If $$X \sim \mathscr N(\mu_1,\sigma_1^2)$$ $$Y \sim \mathscr N(\mu_2,\sigma_2^2)$$ $X$ and $Y$ are independent, how to show that $$X+Y\sim \mathscr N(\mu_1+\mu_2,\sigma_1^2+\sigma_2^2)$$
Hint: $$\frac{1}{\sqrt{2\pi}} \int_{-\infty}^\infty e^{-\frac{x^2}{2}}dx=1 $$
The simplest way is perhaps to use the Moment Generating Function or the Characteristic Function of an $\mathcal{N}(\mu,\sigma)$ random variable.
$$\mathbb{E}[e^{s(X+Y)}] = \mathbb{E}[e^{sX}]\mathbb{E}[e^{sY}]$$ by independence of $X$ and $Y$.

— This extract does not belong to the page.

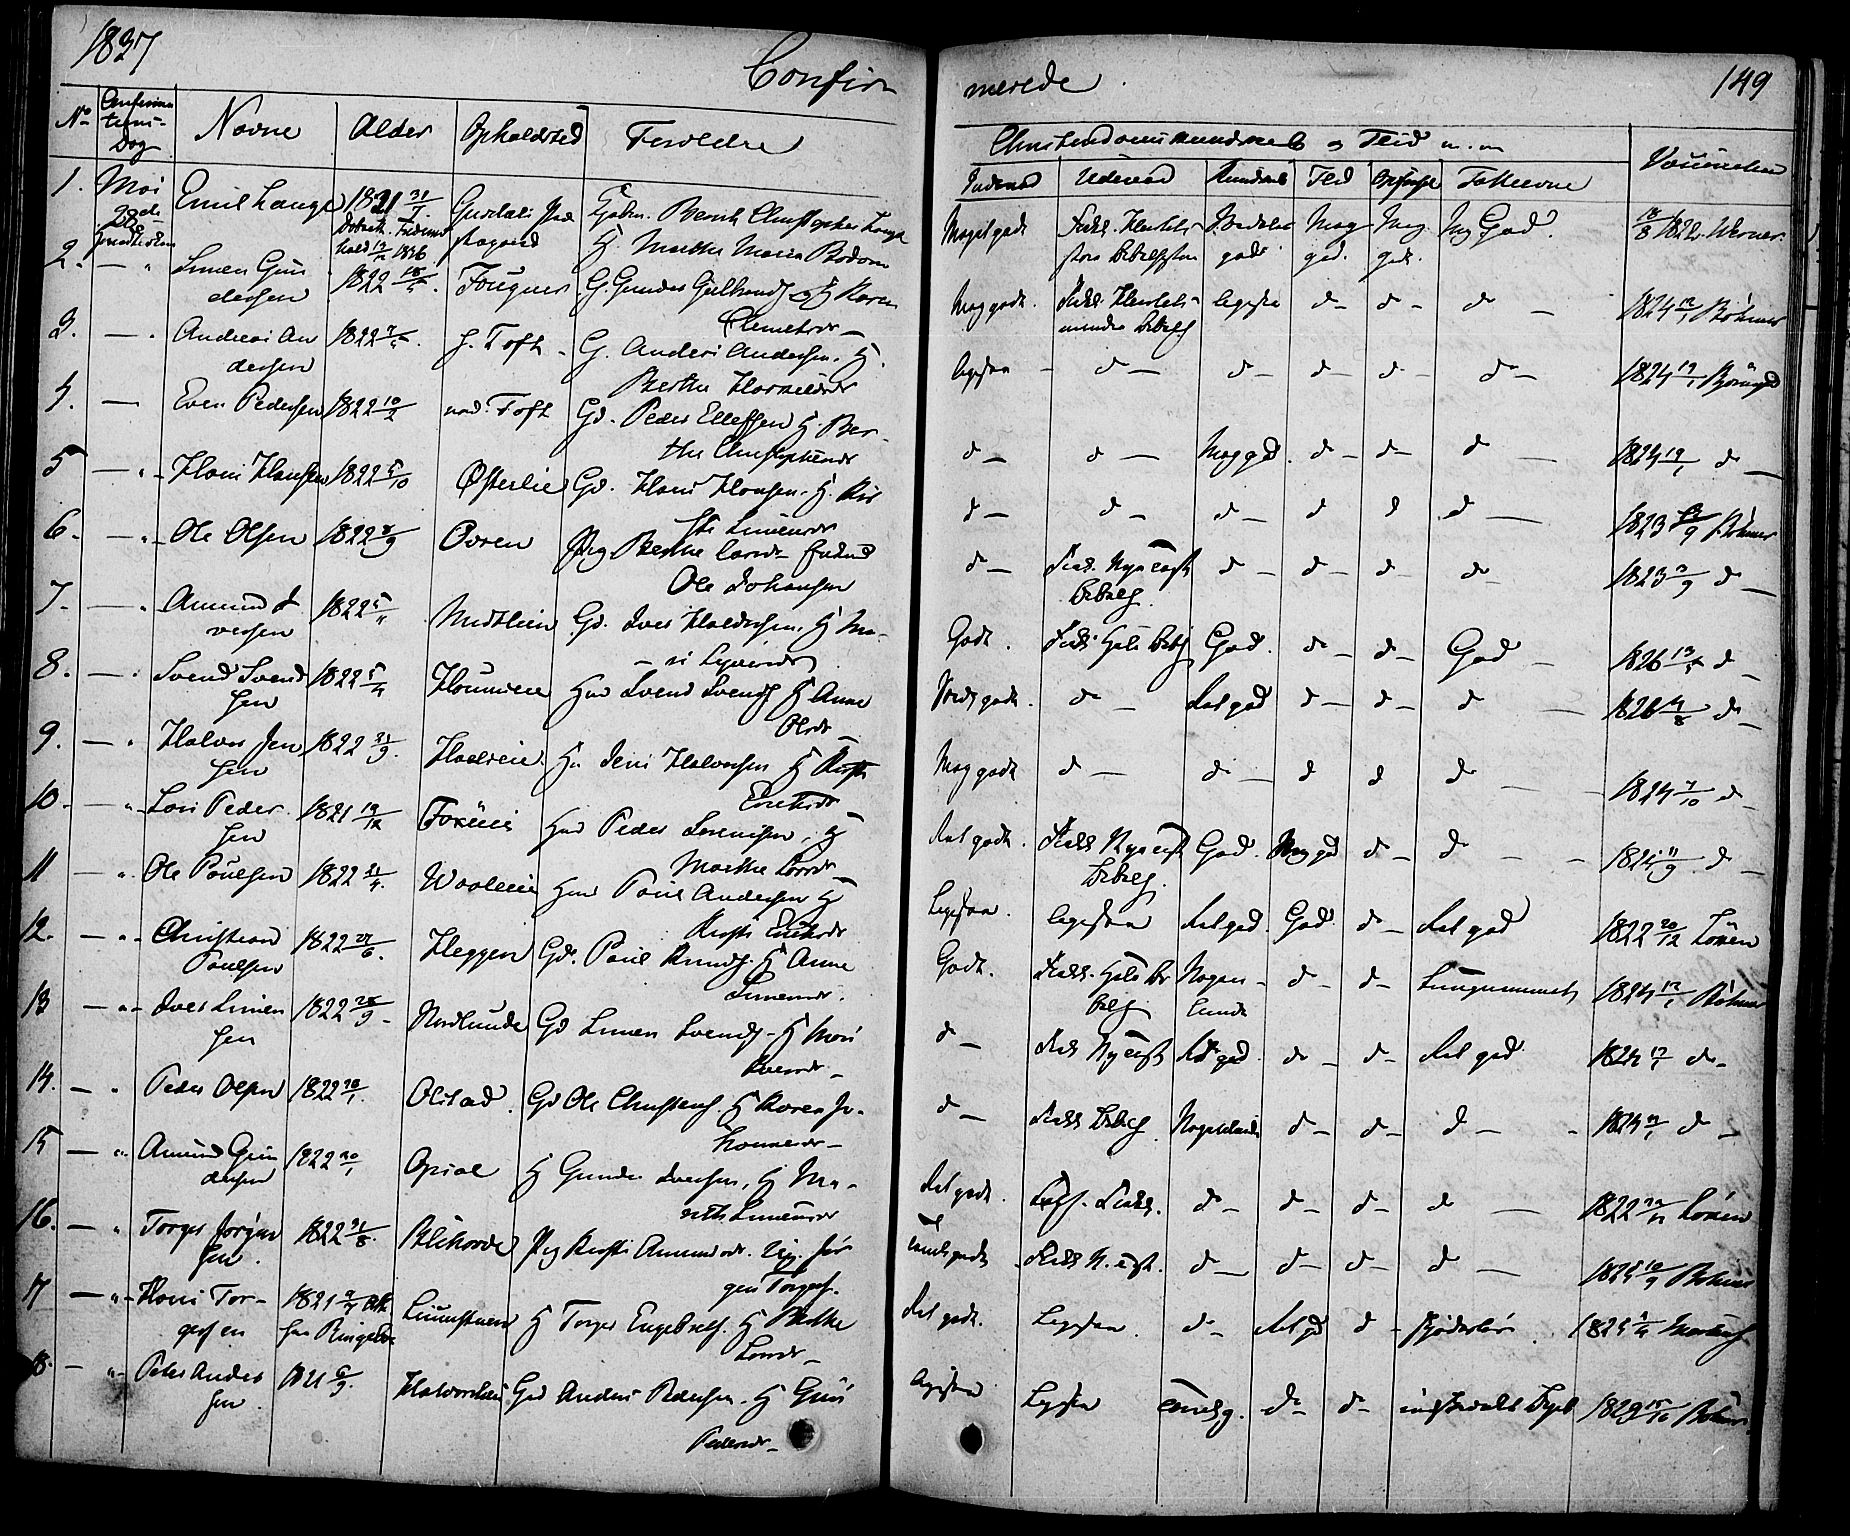 SAH, Gausdal prestekontor, Ministerialbok nr. 6, 1830-1839, s. 149

Since $\mathbb{E}[e^{sX}]\mathbb{E}[e^{sY}] = e^{s\mu_1 + \tfrac{s^2}{2}\sigma_1^2}\bigg[e^{s\mu_2 + \tfrac{s^2}{2}\sigma_2^2}\bigg] = e^{s(\mu_1+\mu_2) + \tfrac{s^2}{2}(\sigma_1^2+\sigma_2^2)}$,
The result follows by uniqueness of the MGF (when it exists, which it does for Normal Random Variables).
I don't have enough reputation to comment, but here is a pretty strong hint:
For independent random variables X and Y, the distribution of $Z = X+Y$ equals the convolution of $X$ and $Y$. Use the definition of the normal distribution.
If $U$ and $V$ are independent standard normal (that is, $(N(0,1)$) random variables, then $\sigma_1U \sim N(0,\sigma_1^2)$ and $\sigma_2V\sim N(0,\sigma_2^2)$, and this answer contains a short proof (no explicit integrations, no convolutions, no MGFs or characteristic functions; only the left half of the hint given in the problem) of the fact that $\sigma_1U+\sigma_2V\sim N(0,\sigma_1^2+\sigma_2^2)$.
Now extend this result to the sum of $X = \mu_1+\sigma_1U \sim N(\mu_1,\sigma_1^2)$ and $Y = \mu_X+\sigma_2V\sim N(\mu_2,\sigma_2^2)$